• Task description: There are pictures in the records below; leave them out and set down exactly the lines from the one holding "1920x1200 Hugging In" through the one holding "b2b tour operator software".

• Data in this exercise:
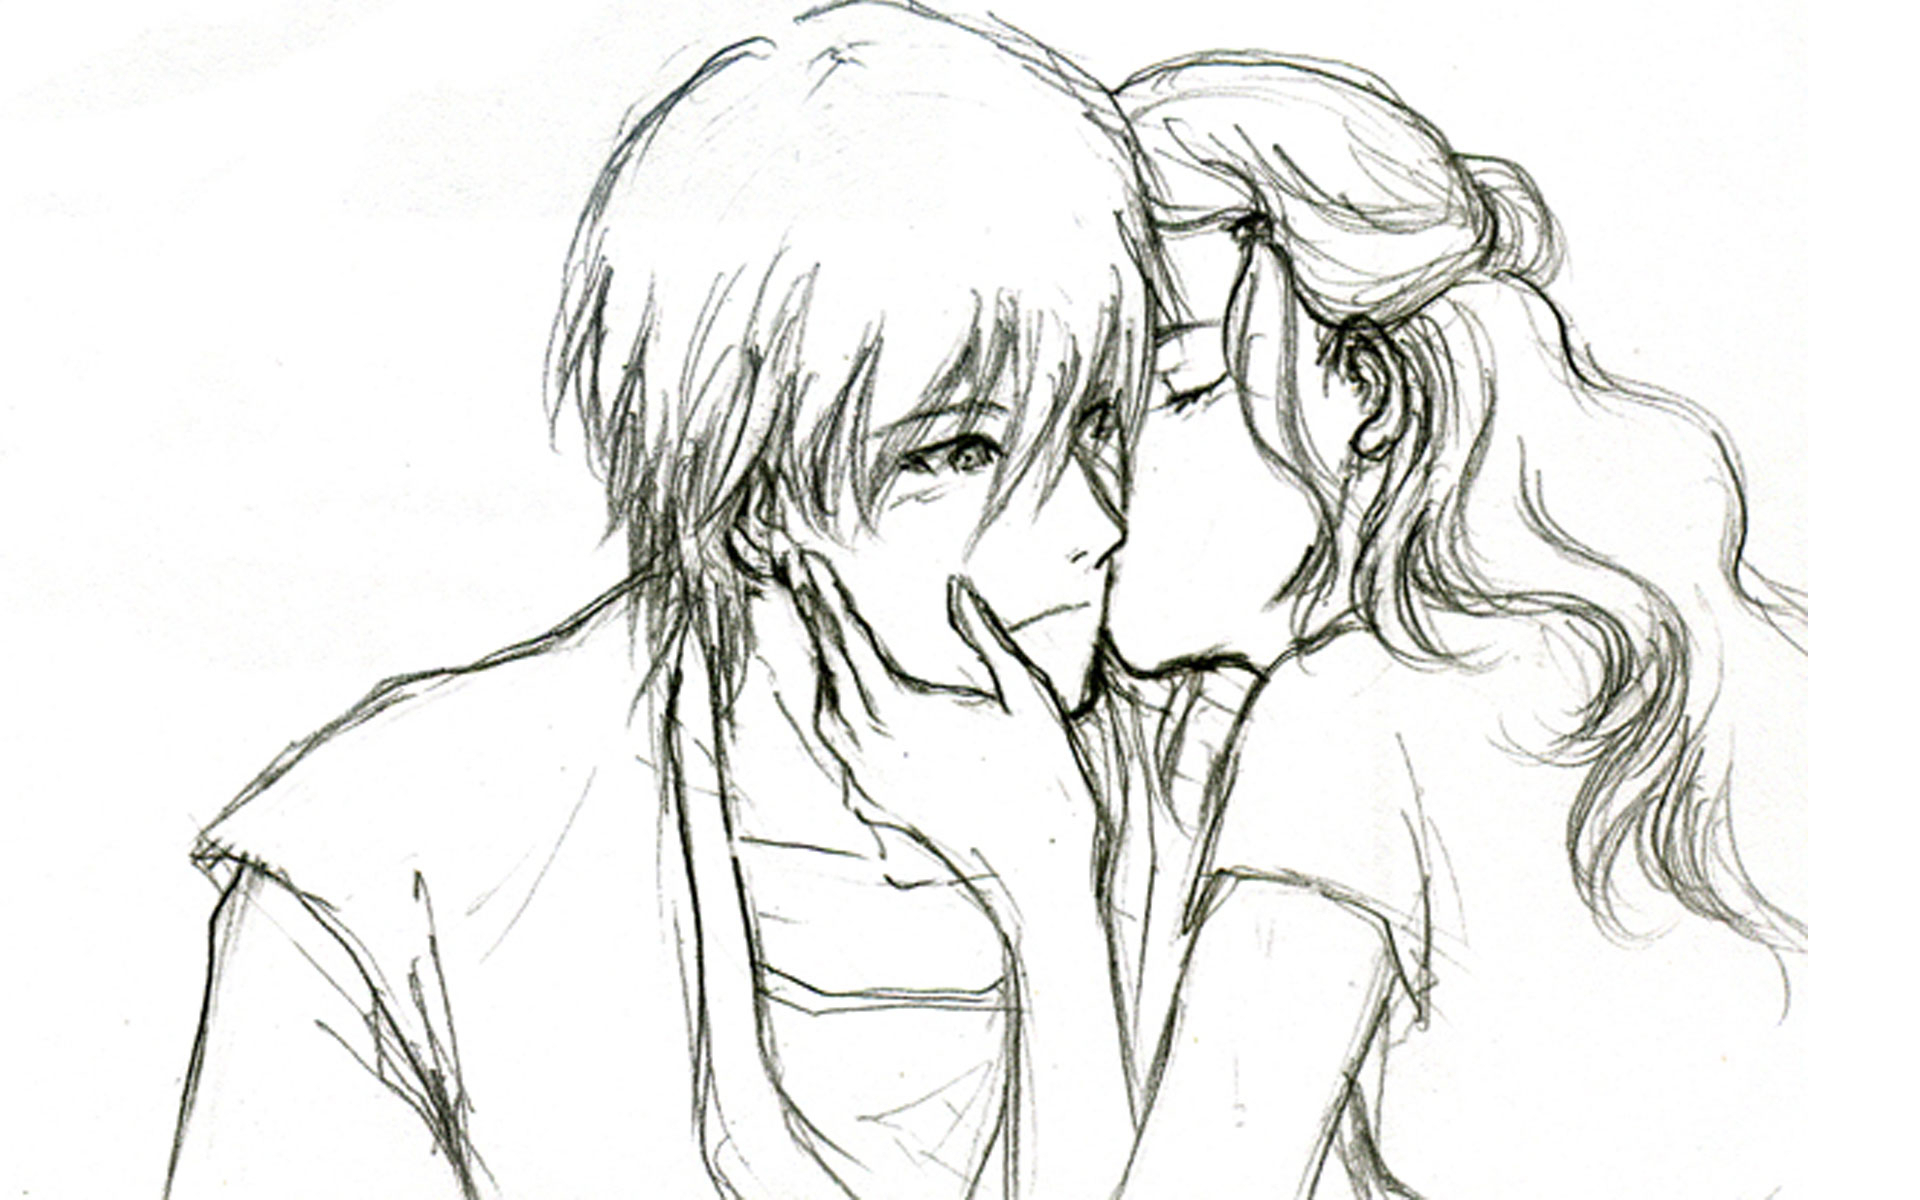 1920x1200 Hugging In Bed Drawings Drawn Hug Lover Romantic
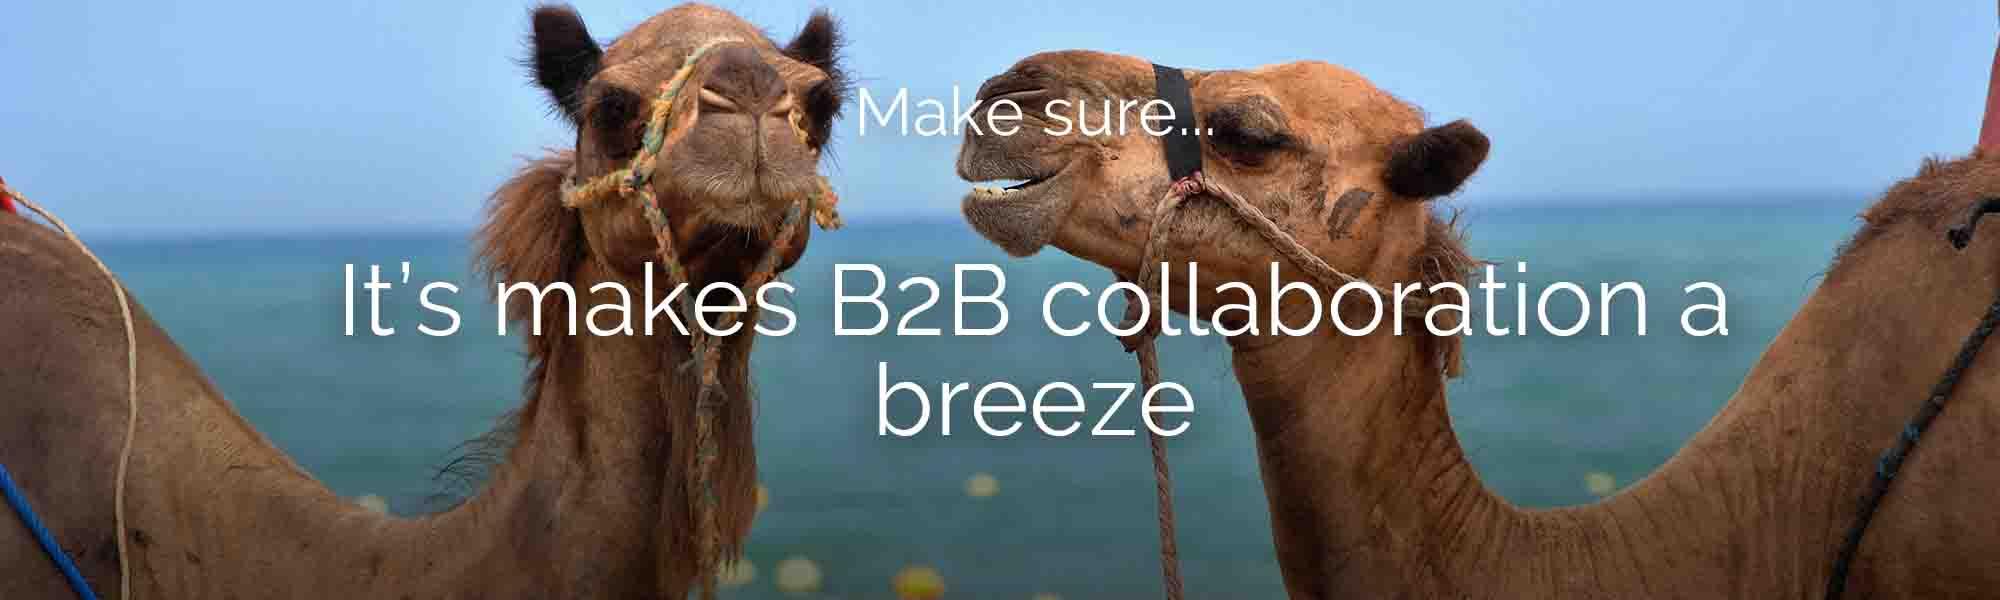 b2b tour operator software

* * *

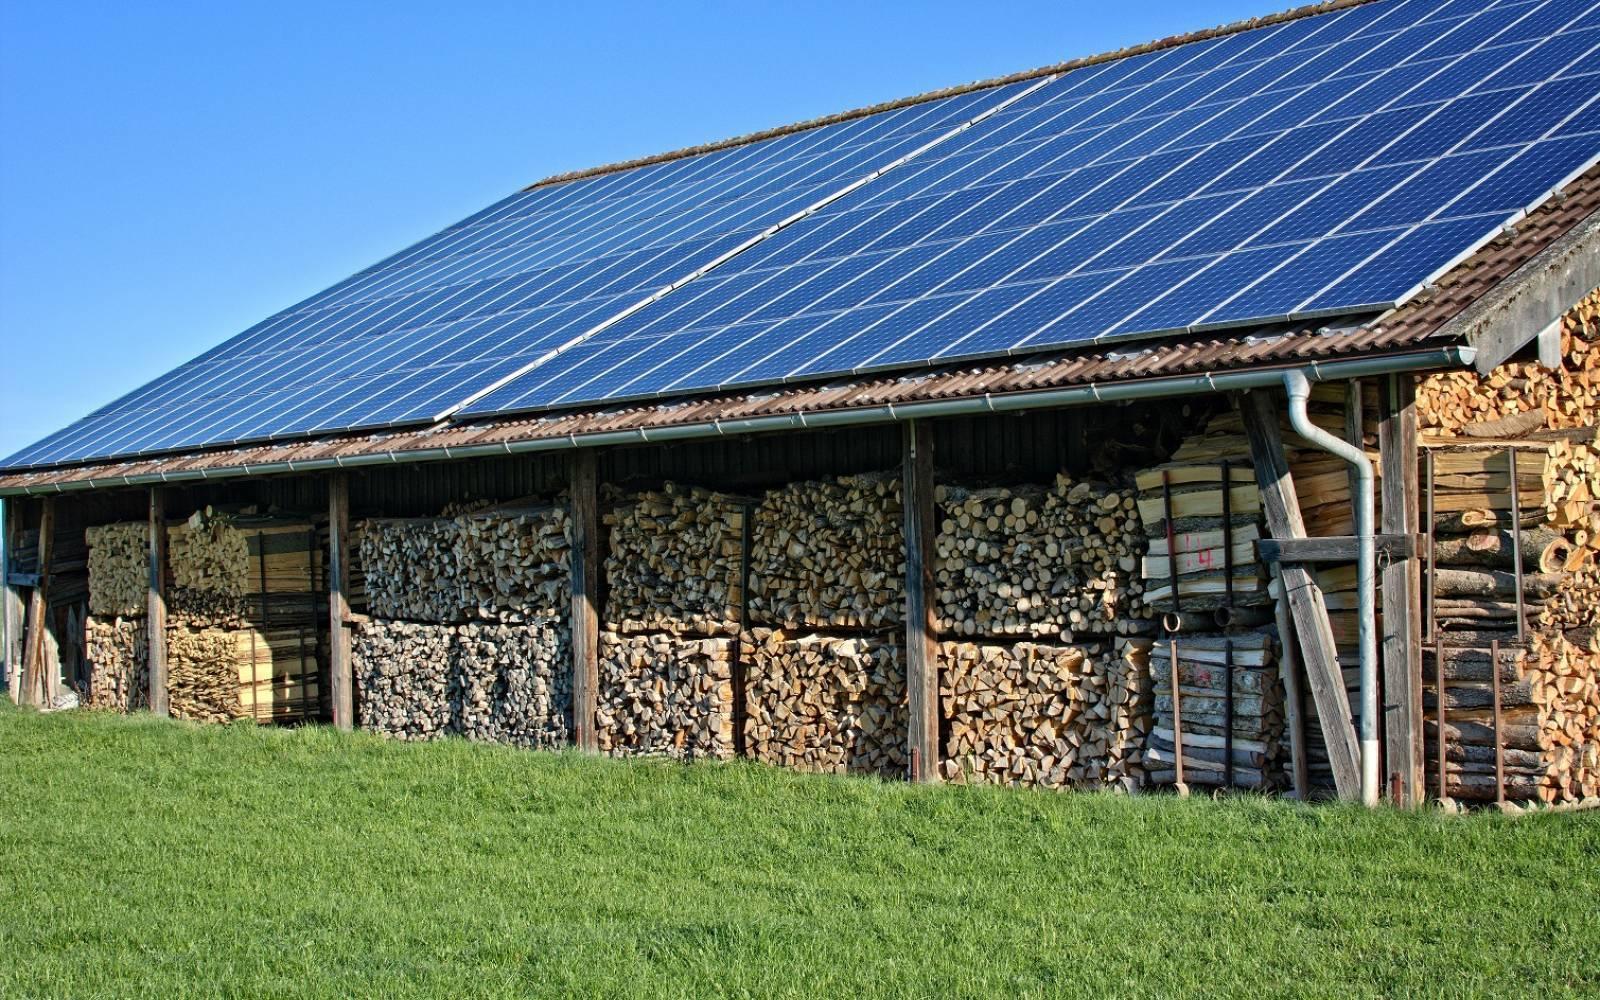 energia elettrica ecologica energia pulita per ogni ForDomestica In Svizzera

• Result for this task:
 1920x1200 Hugging In Bed Drawings Drawn Hug Lover Romantic
 b2b tour operator software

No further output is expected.